Skip all pictures. Set down only the lines starting at the line containing "Marvel Universe Guardians" and running to the end of the listing.

- _Input data_:
───
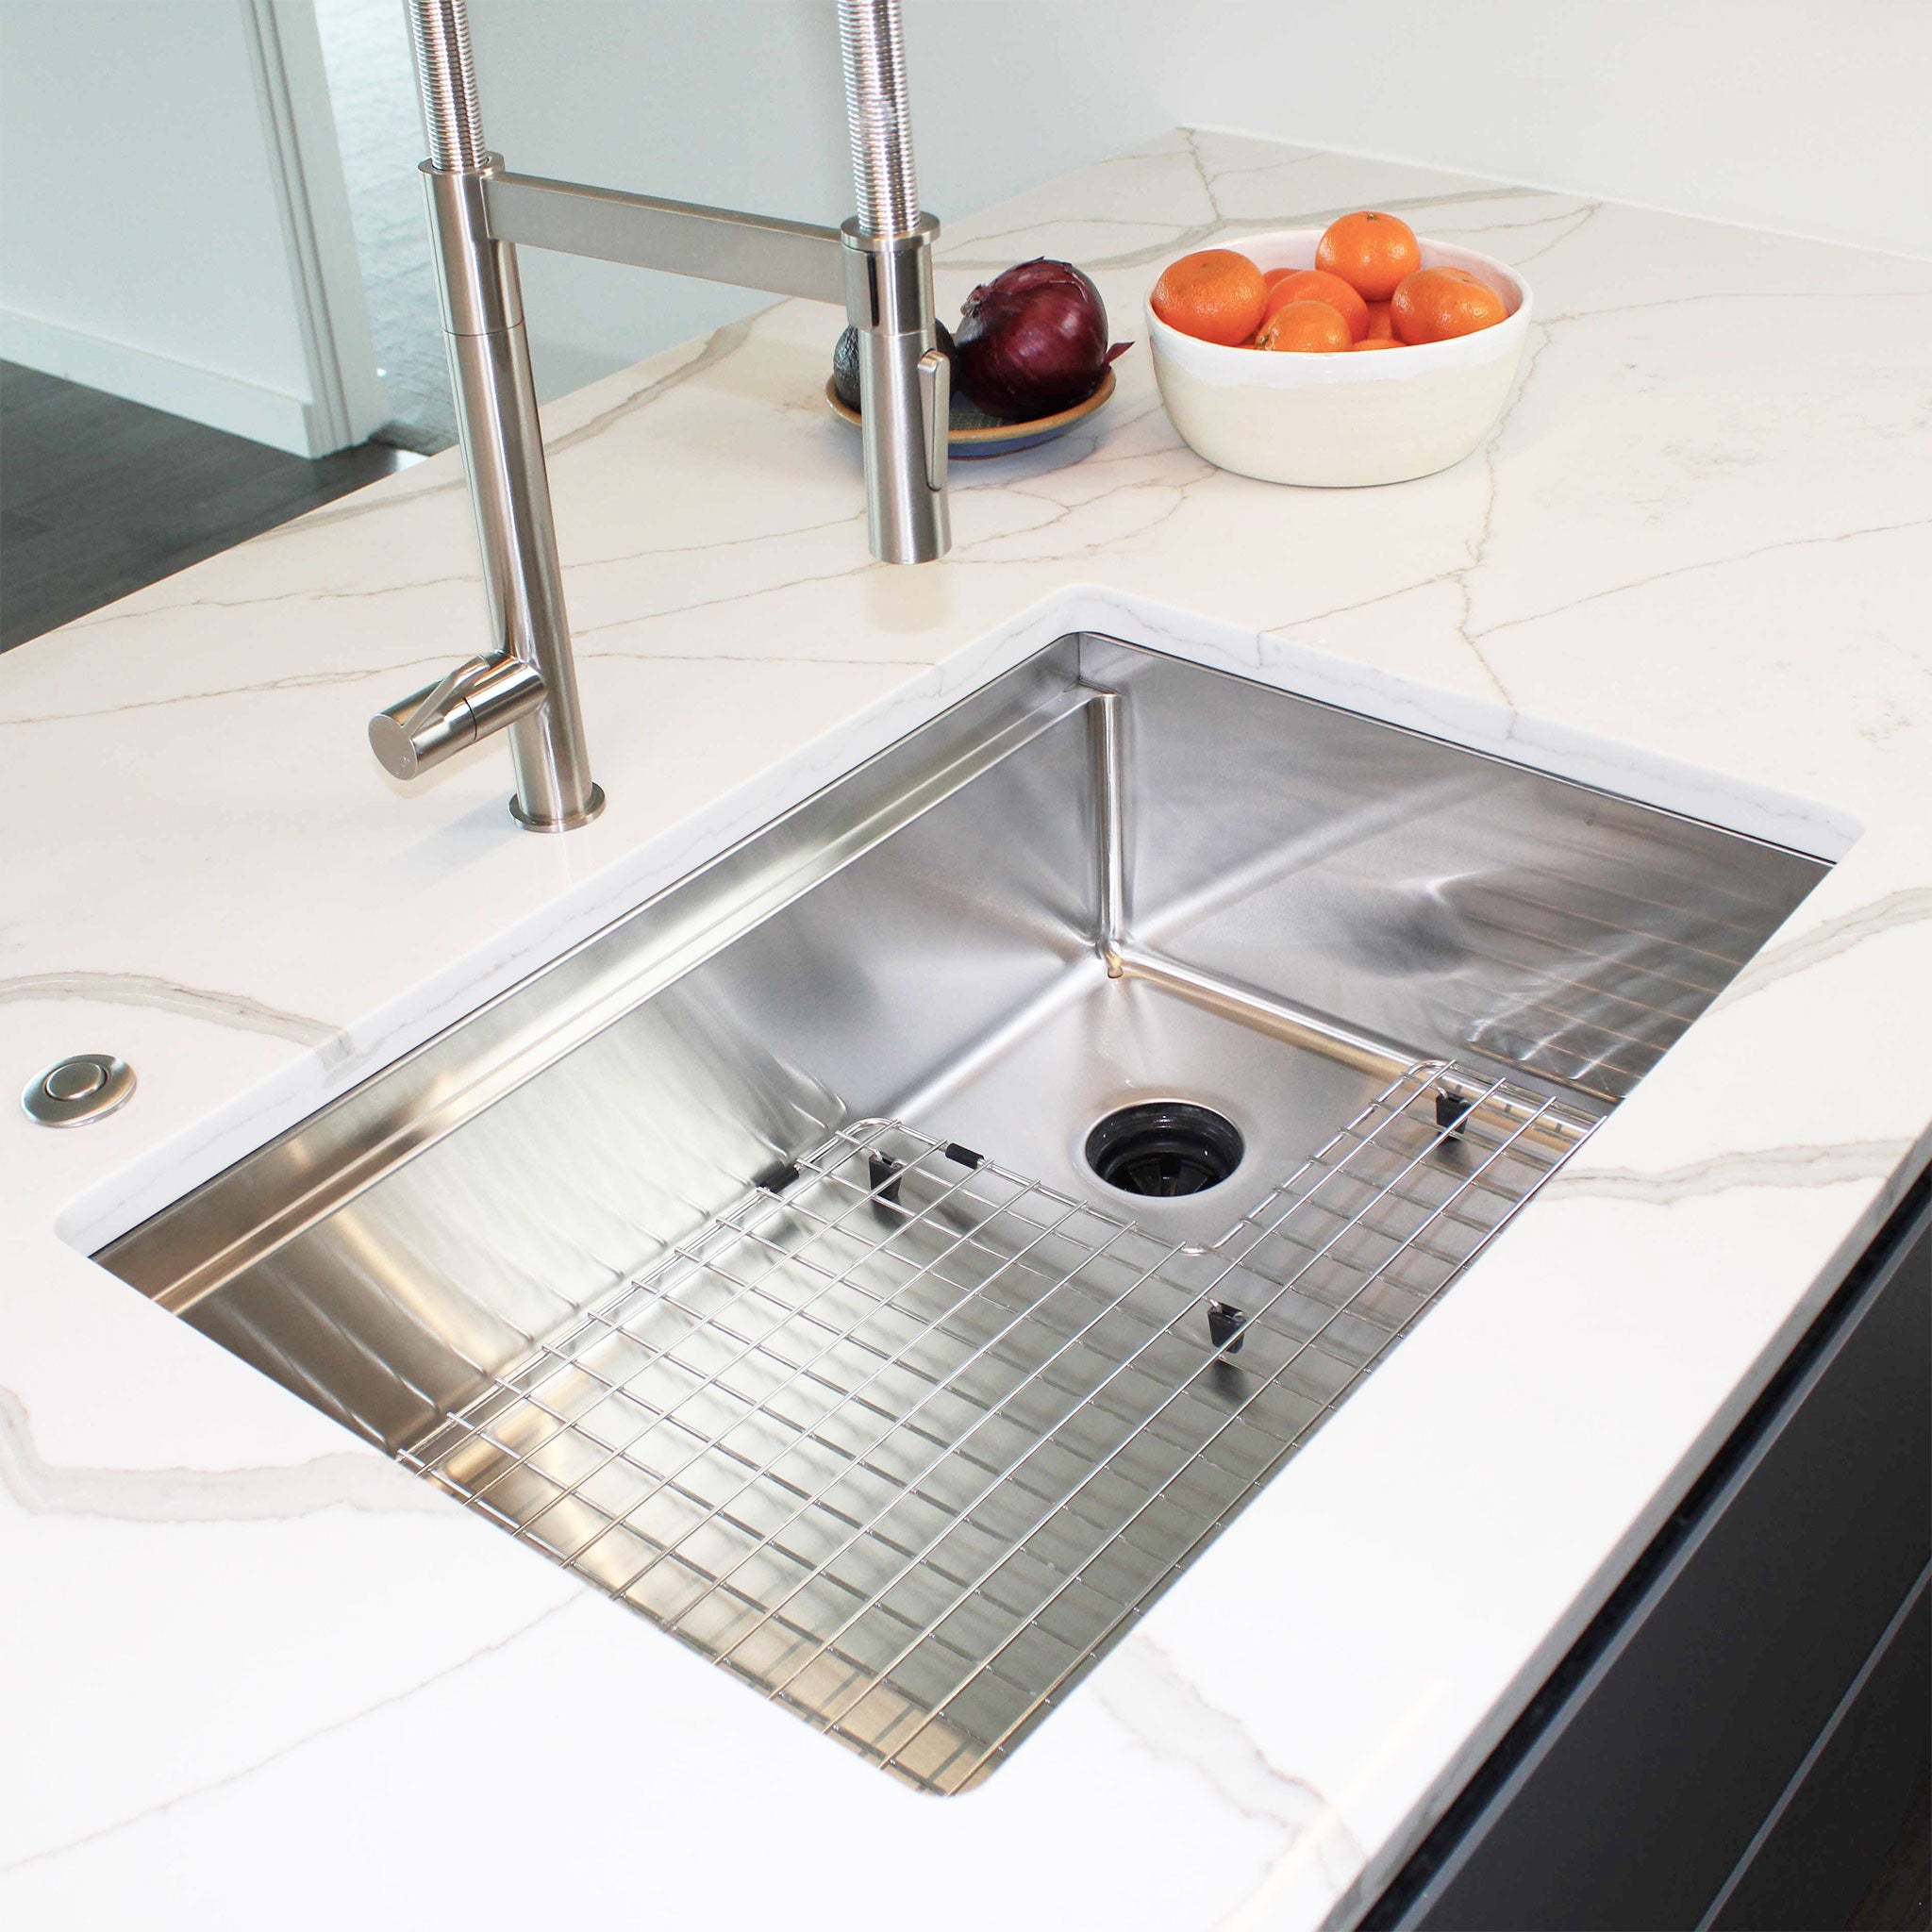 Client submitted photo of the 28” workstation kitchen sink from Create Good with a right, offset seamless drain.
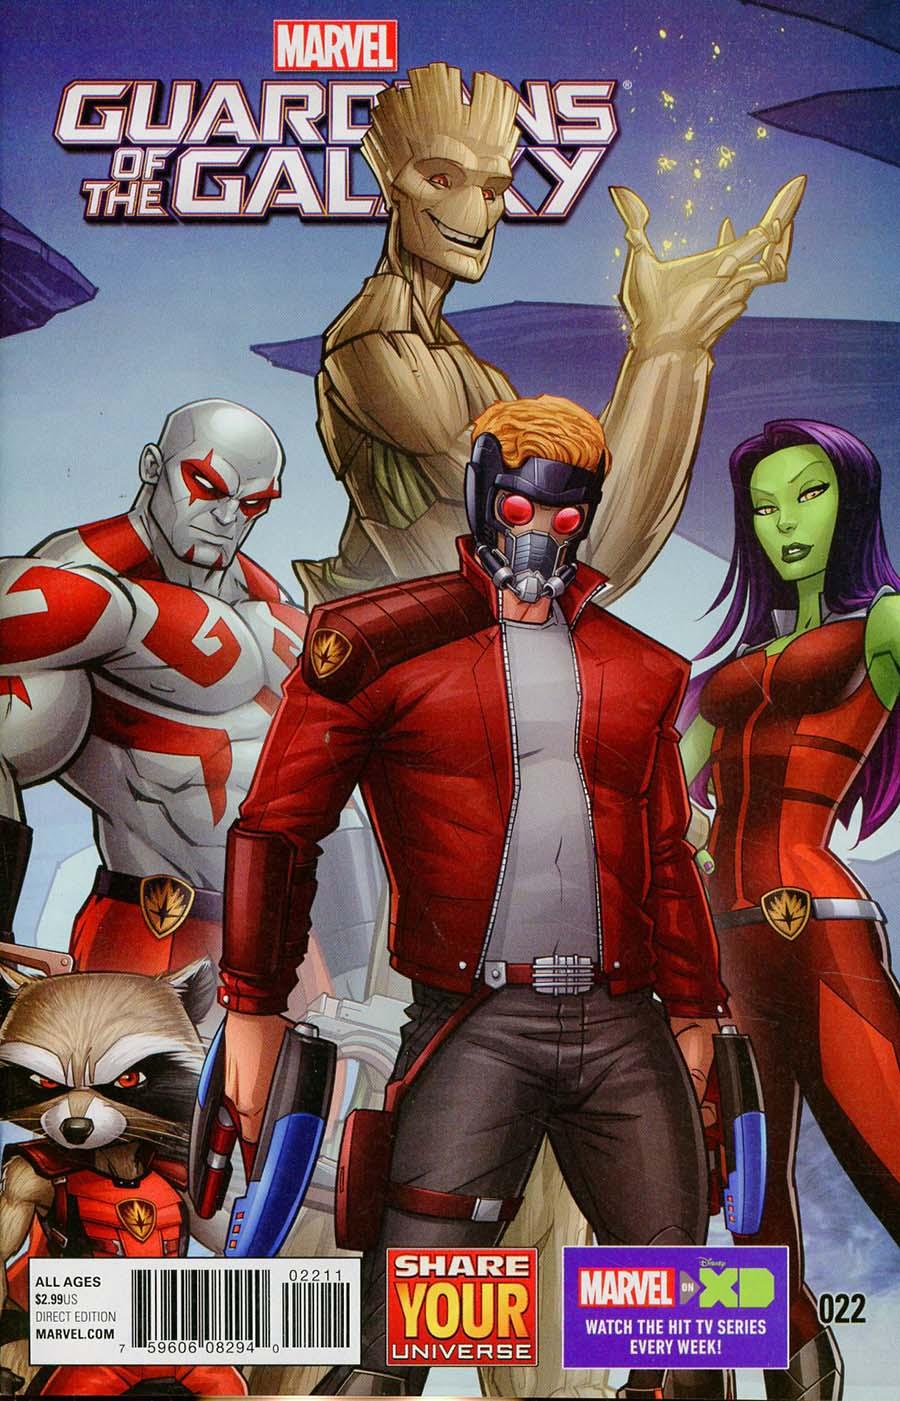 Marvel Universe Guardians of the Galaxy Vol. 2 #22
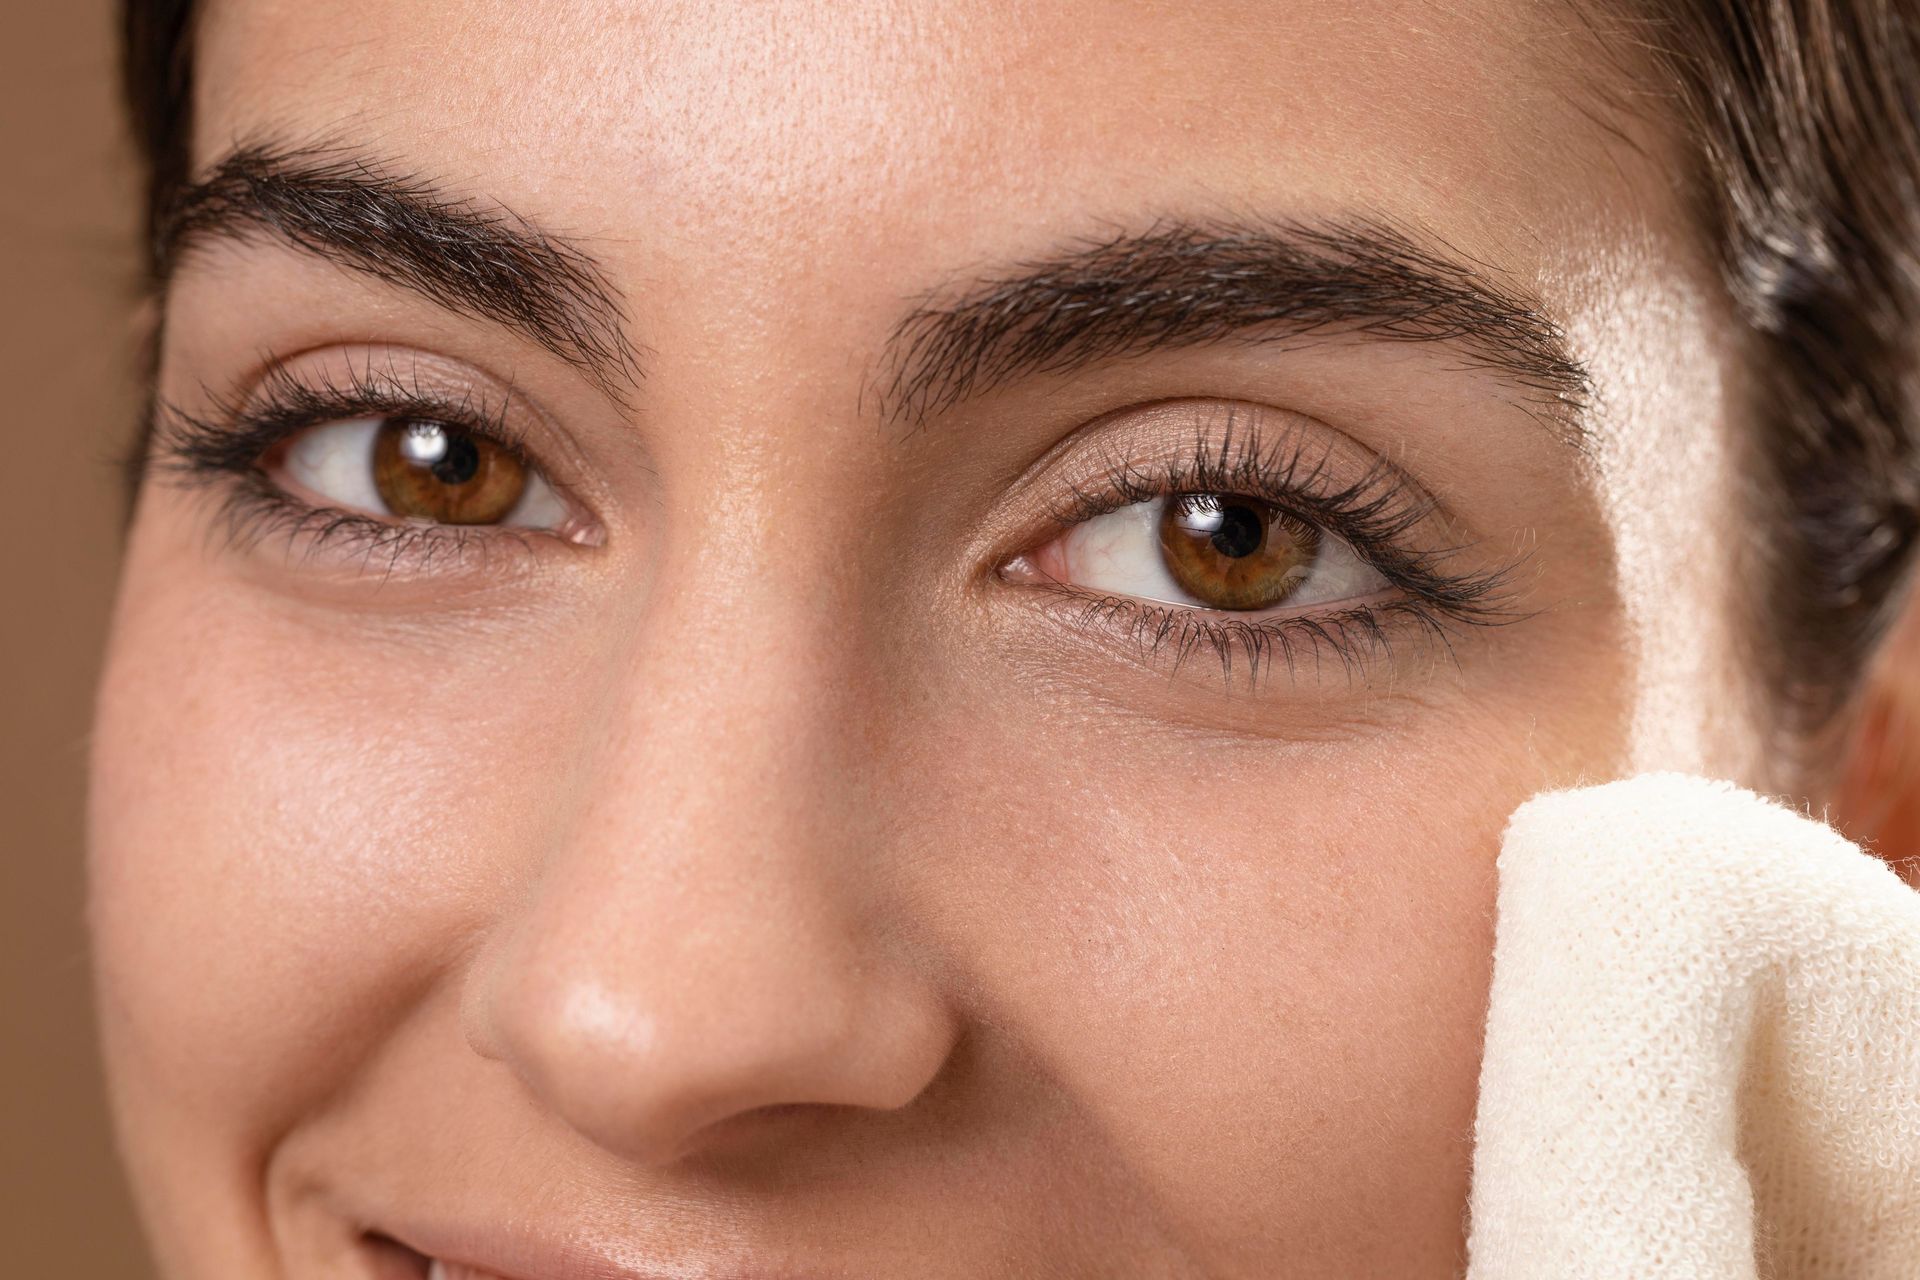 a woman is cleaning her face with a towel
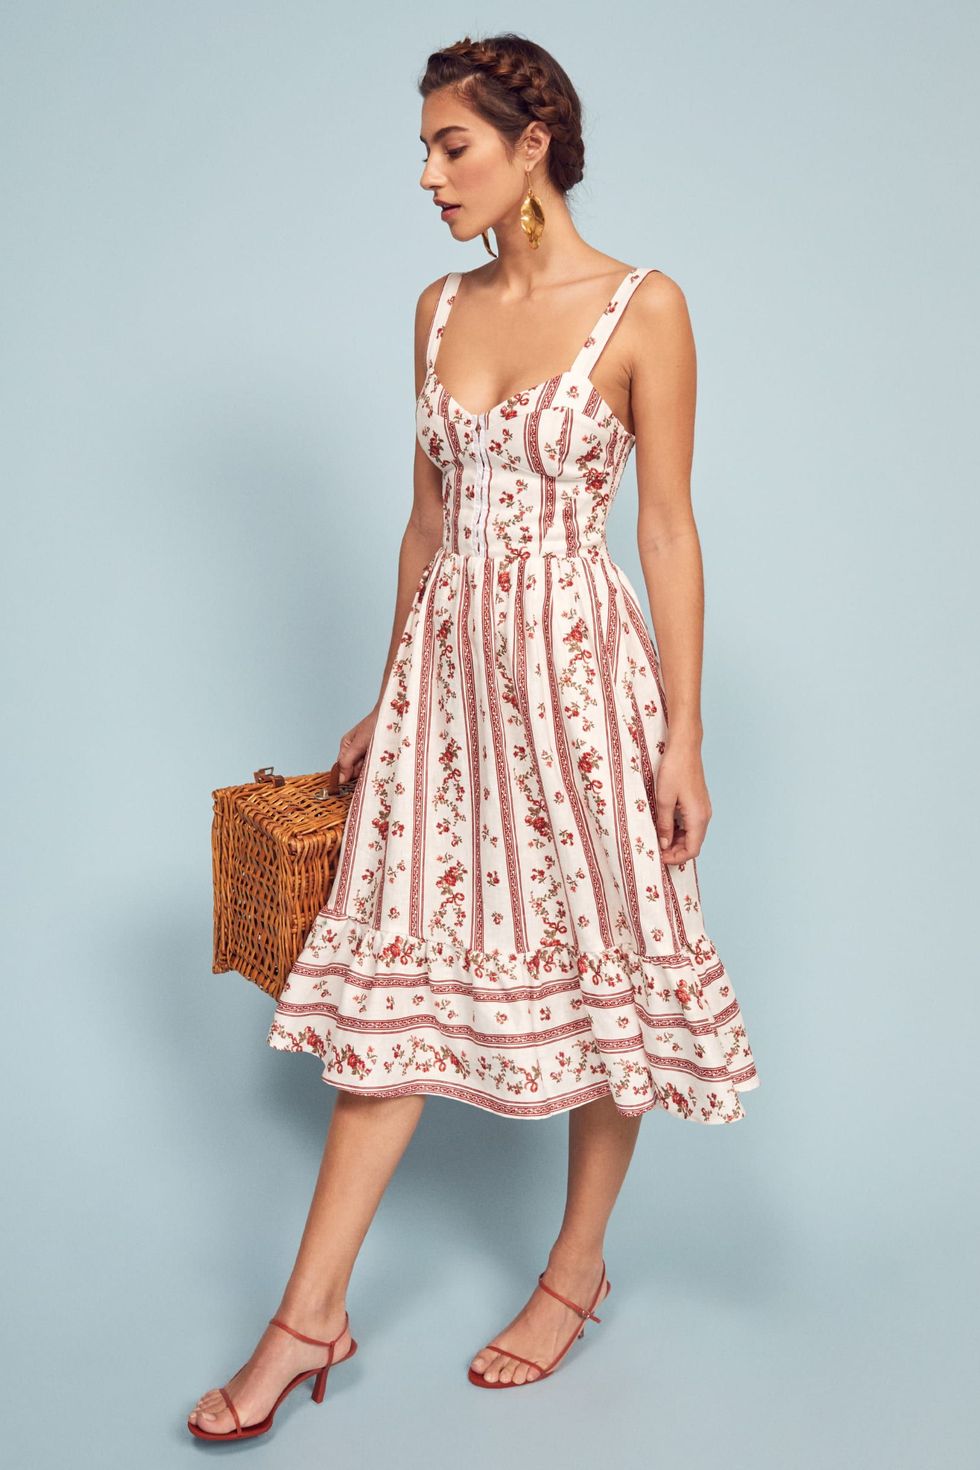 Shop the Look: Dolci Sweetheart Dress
───
- _Result of the task_:
 Marvel Universe Guardians of the Galaxy Vol. 2 #22
 a woman is cleaning her face with a towel
 Shop the Look: Dolci Sweetheart Dress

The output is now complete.